▸ **ACTION ITEM**:
Apart from any images, the entries are to be output exactly.

▸ **RECORD EXCERPTS**:
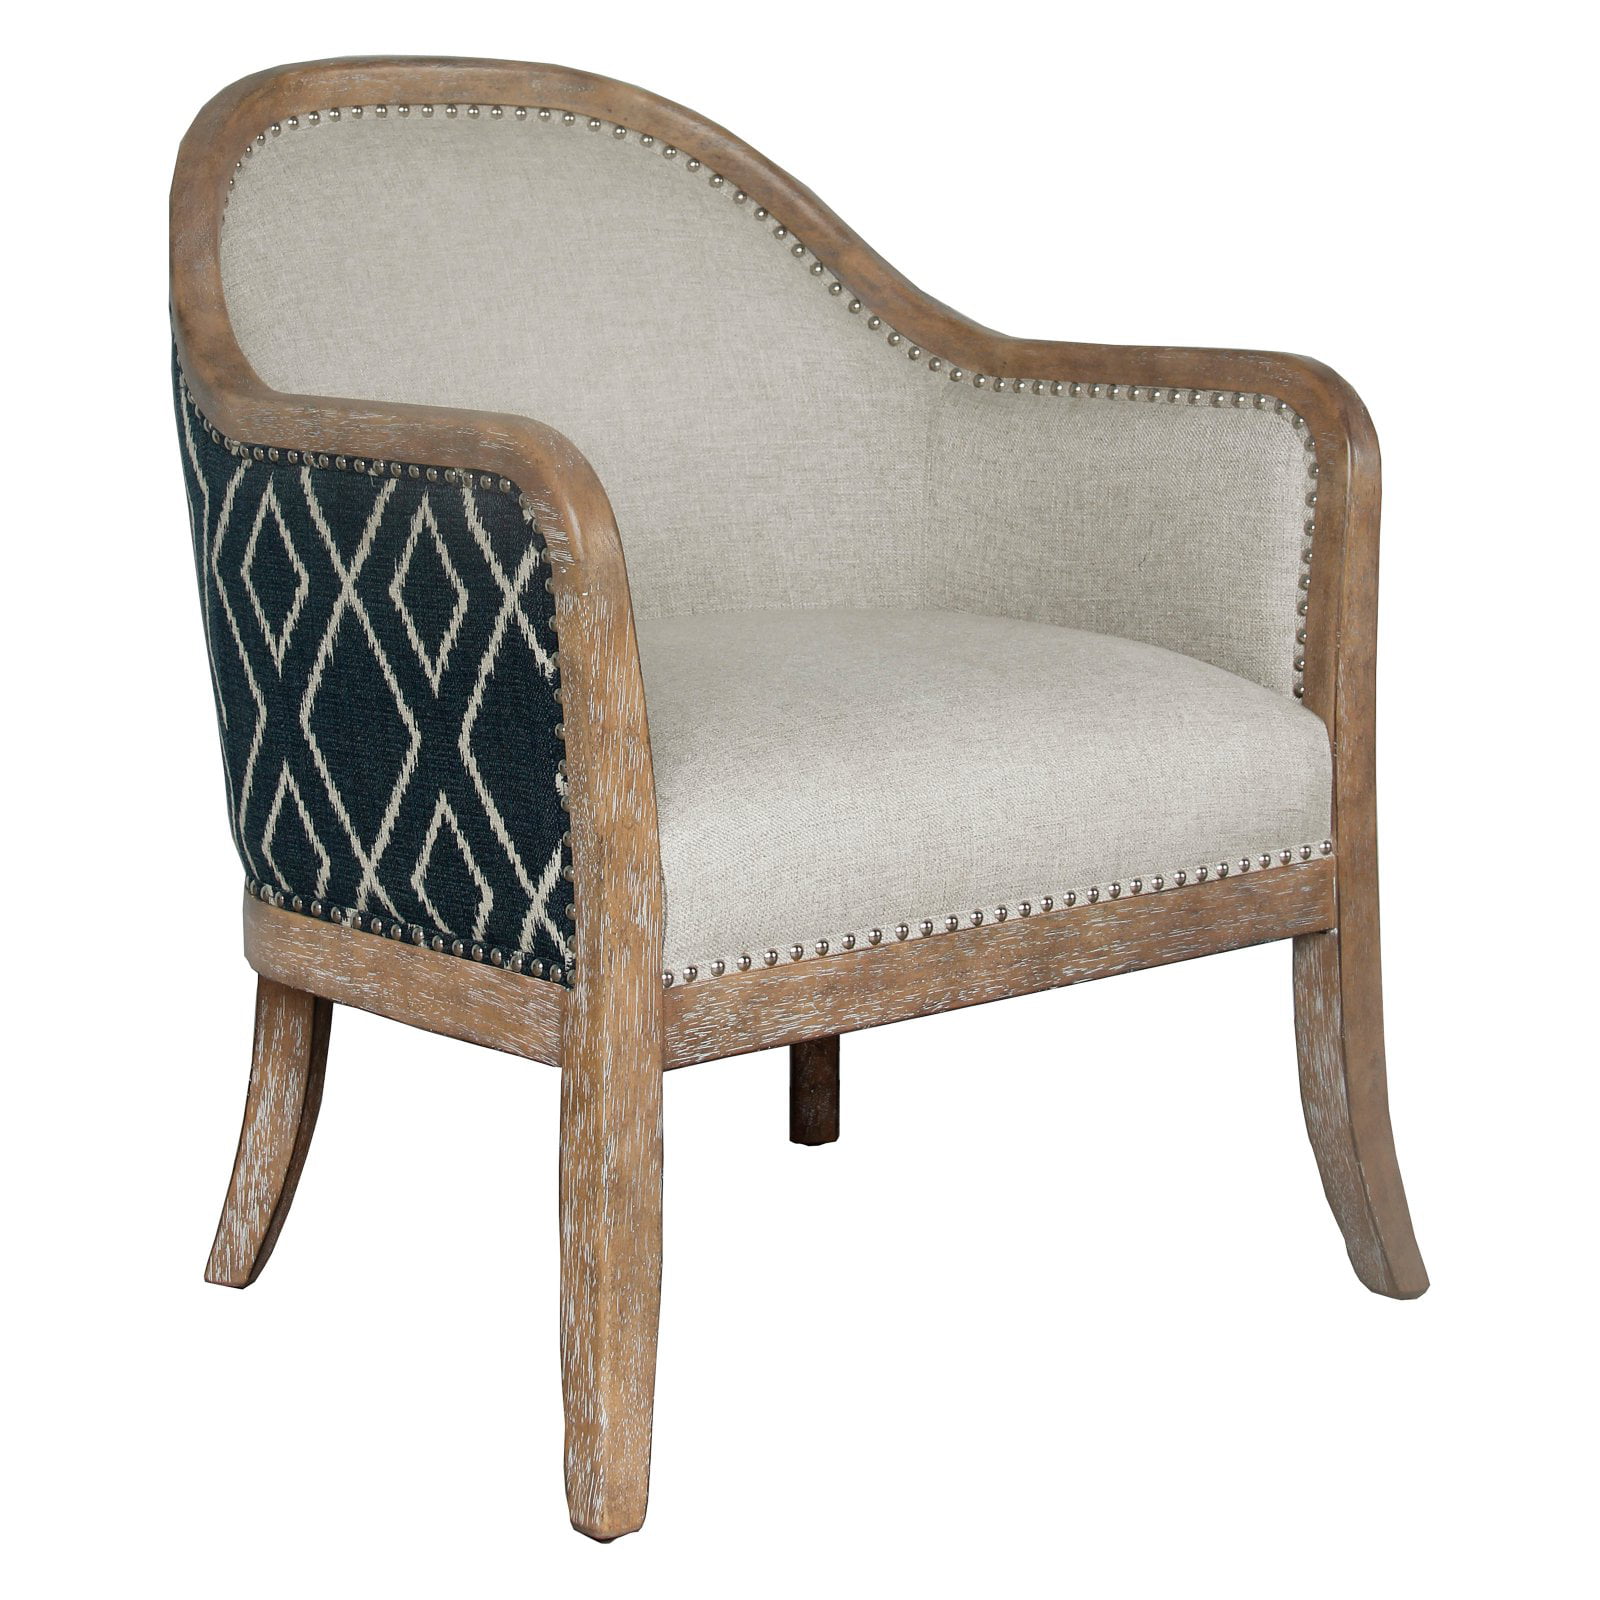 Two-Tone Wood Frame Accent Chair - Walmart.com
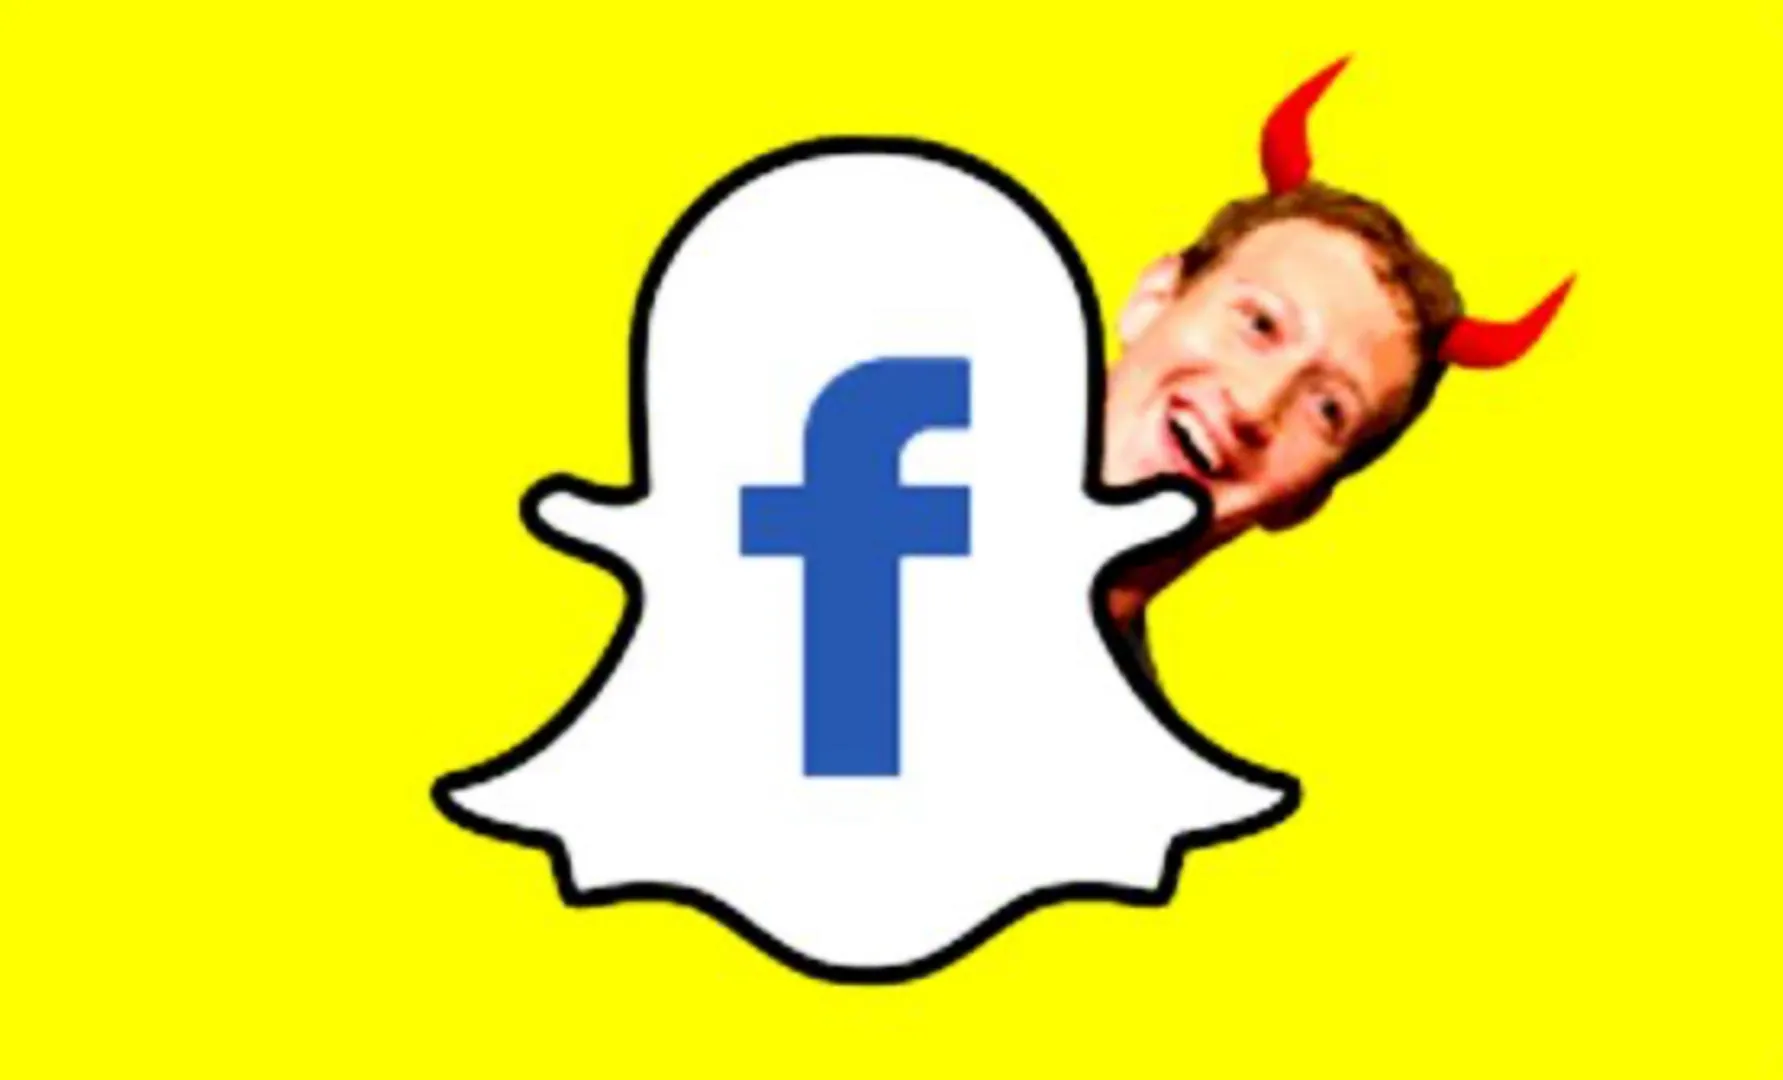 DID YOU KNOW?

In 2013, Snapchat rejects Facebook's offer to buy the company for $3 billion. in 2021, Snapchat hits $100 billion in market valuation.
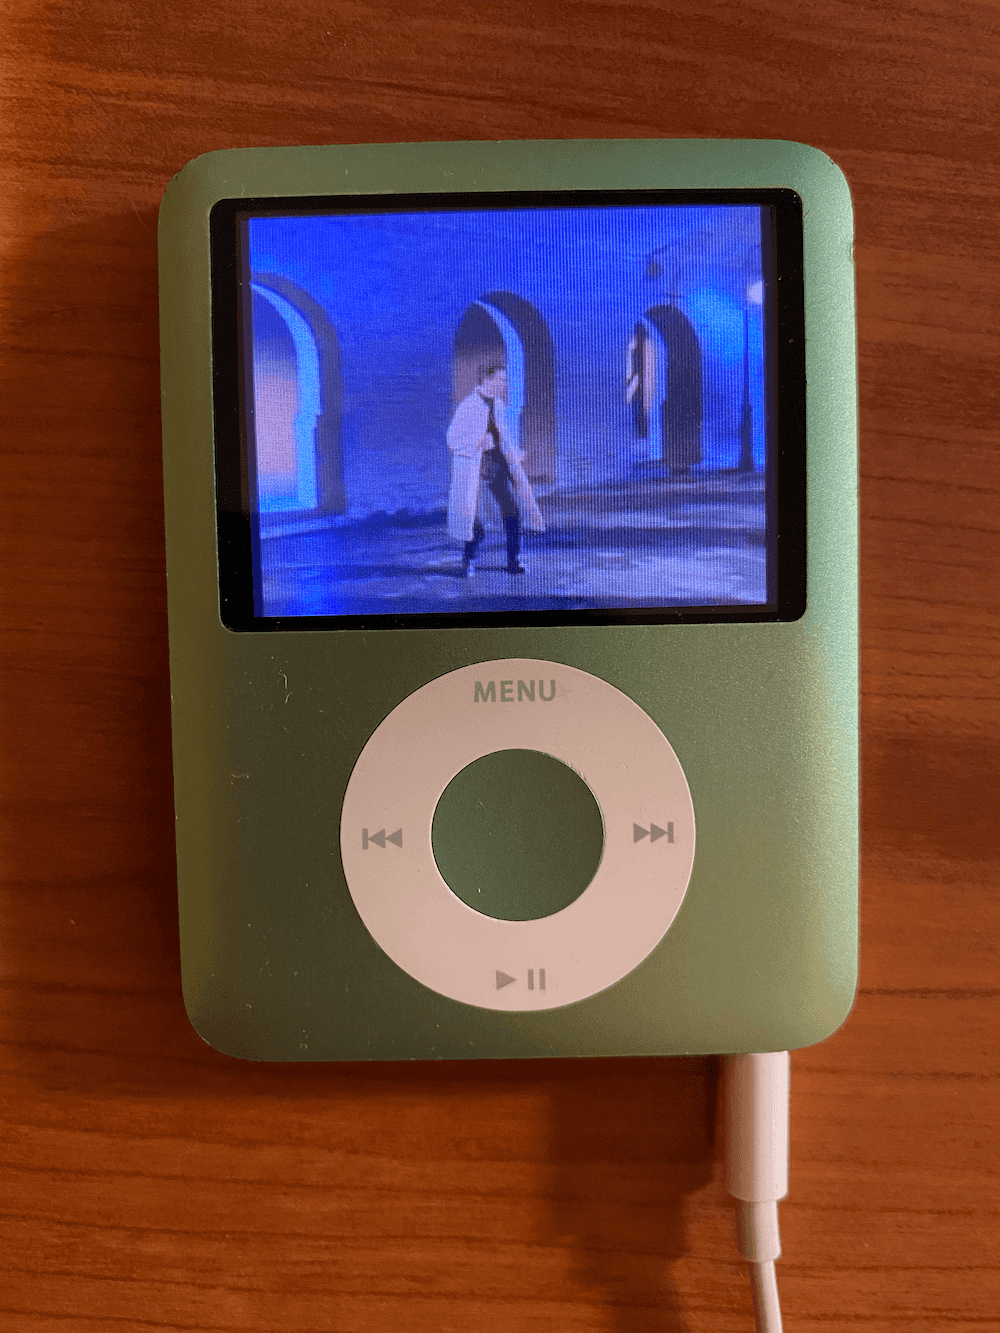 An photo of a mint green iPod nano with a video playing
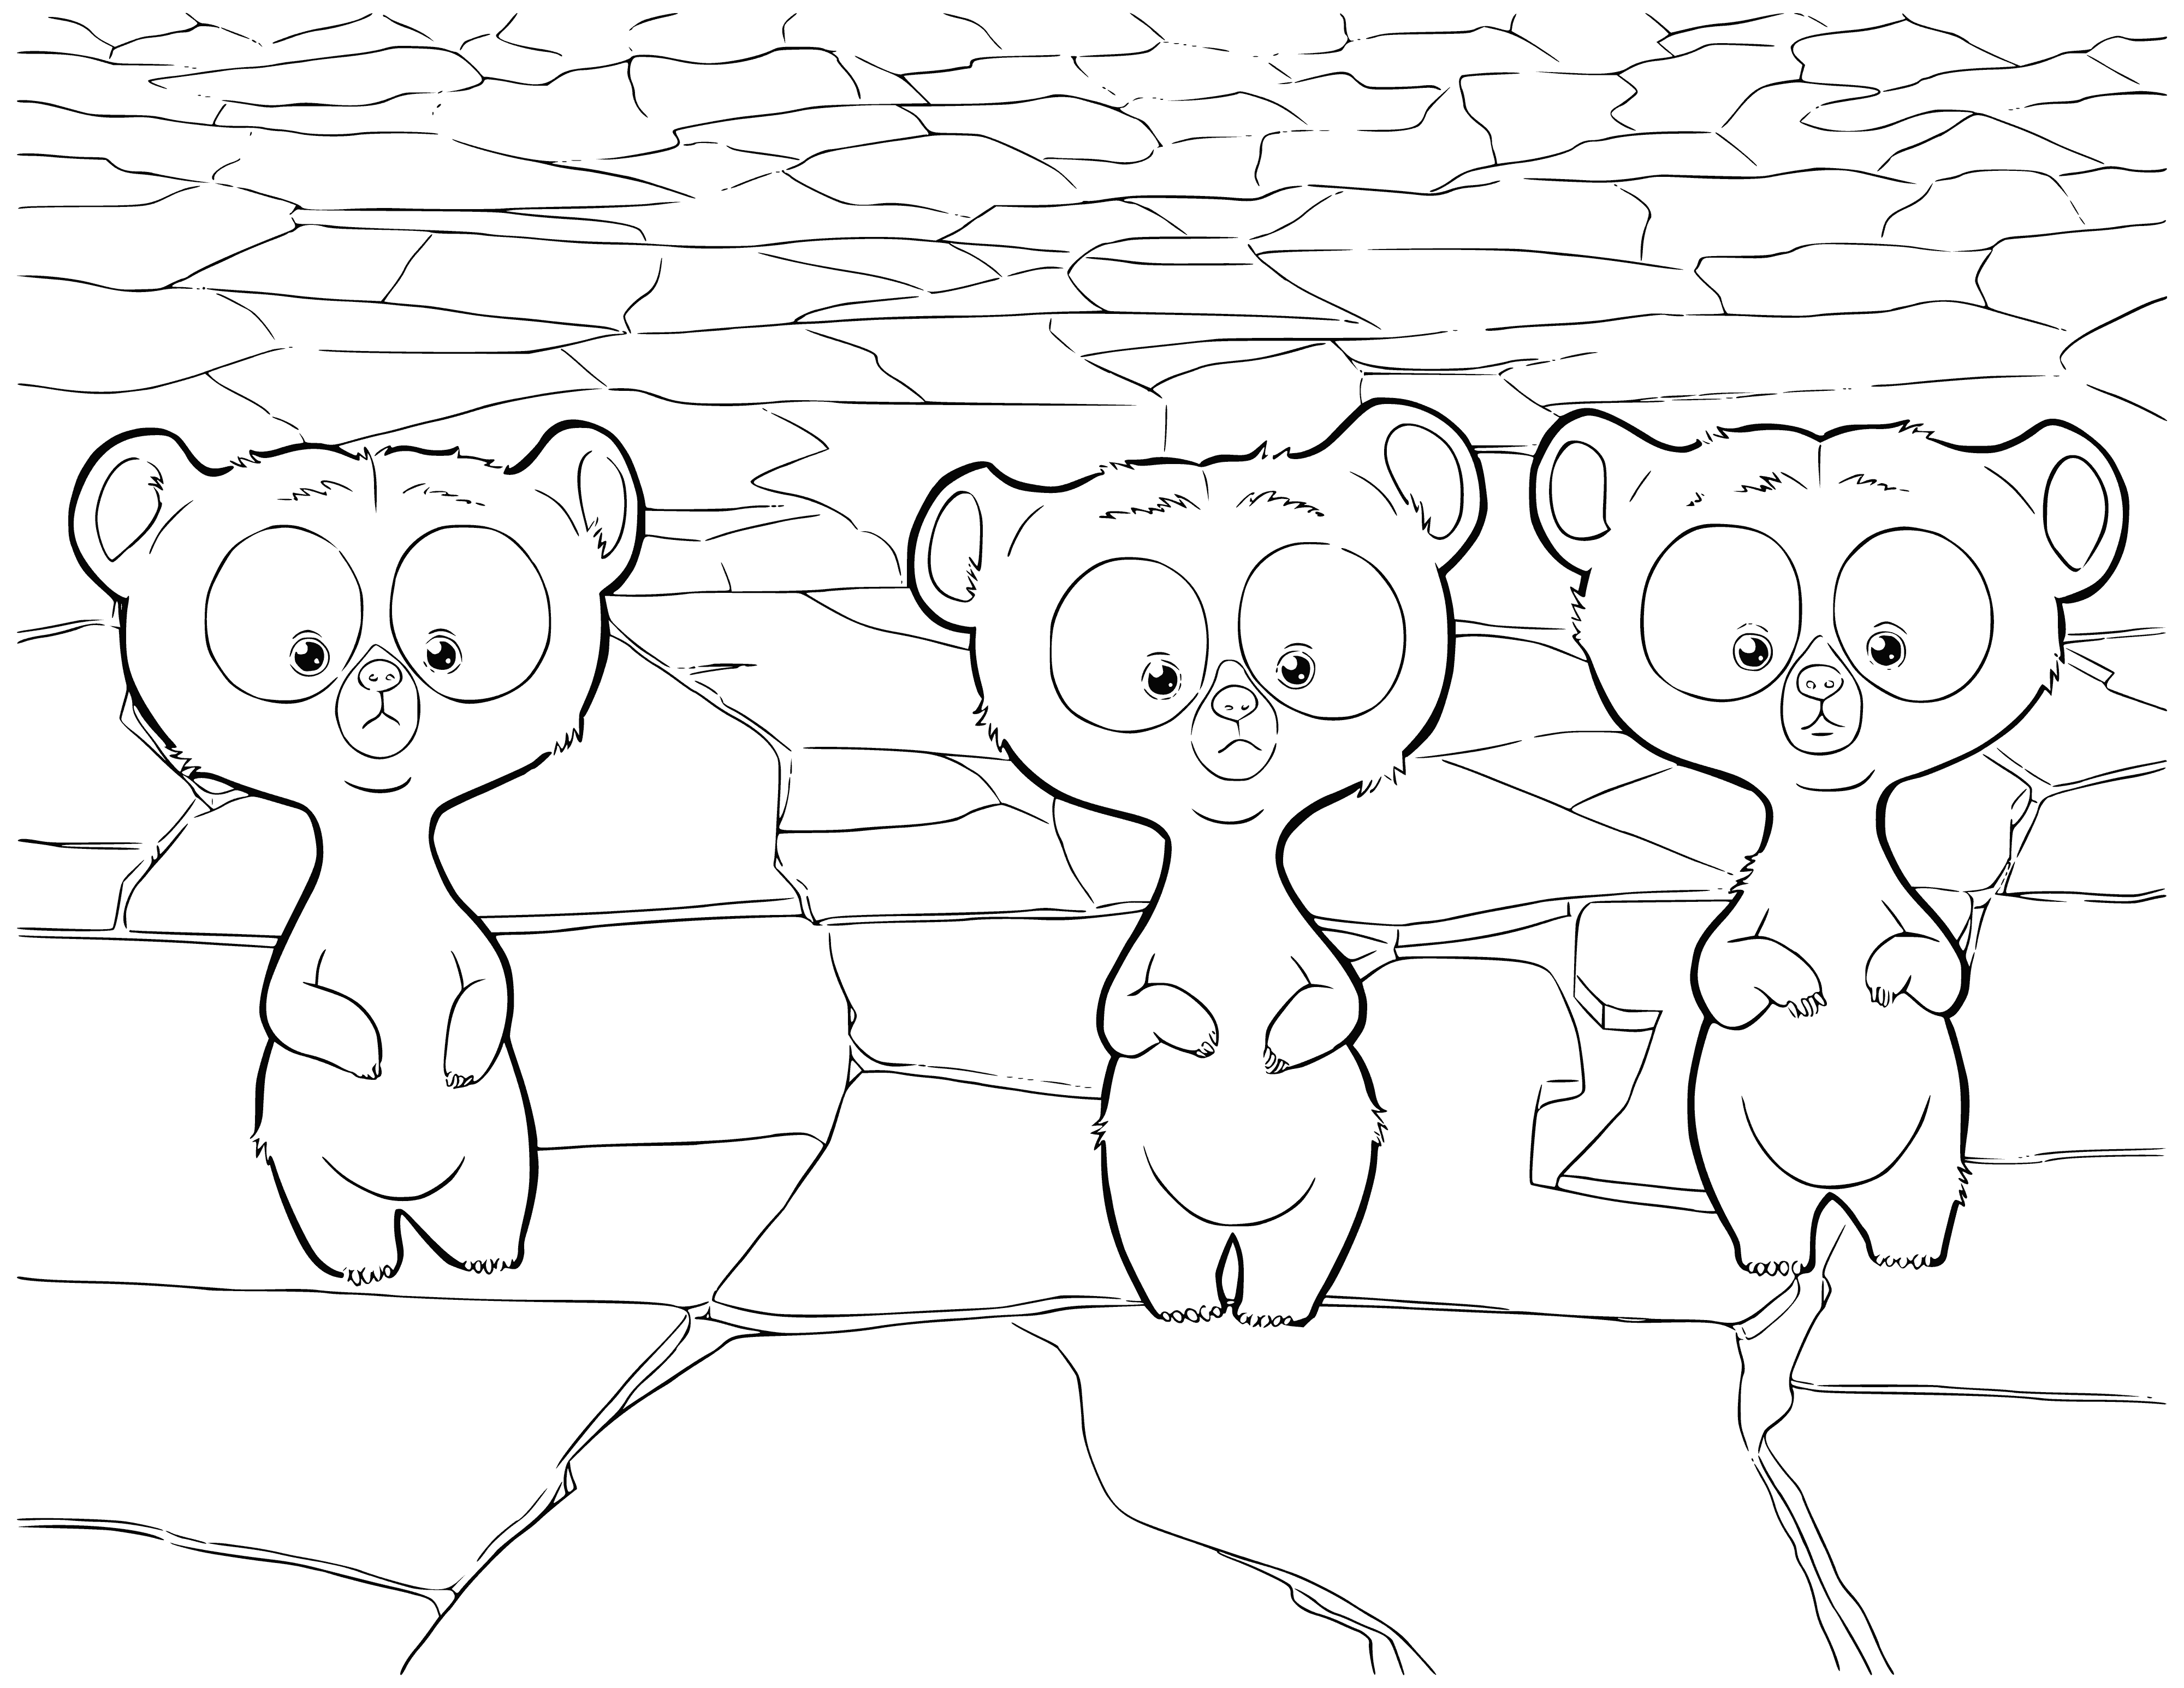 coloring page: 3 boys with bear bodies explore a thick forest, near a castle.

▸ **TASK OUTPUT**:
 Two-Tone Wood Frame Accent Chair - Walmart.com
 DID YOU KNOW?

In 2013, Snapchat rejects Facebook's offer to buy the company for $3 billion. in 2021, Snapchat hits $100 billion in market valuation.
 An photo of a mint green iPod nano with a video playing
 coloring page: 3 boys with bear bodies explore a thick forest, near a castle.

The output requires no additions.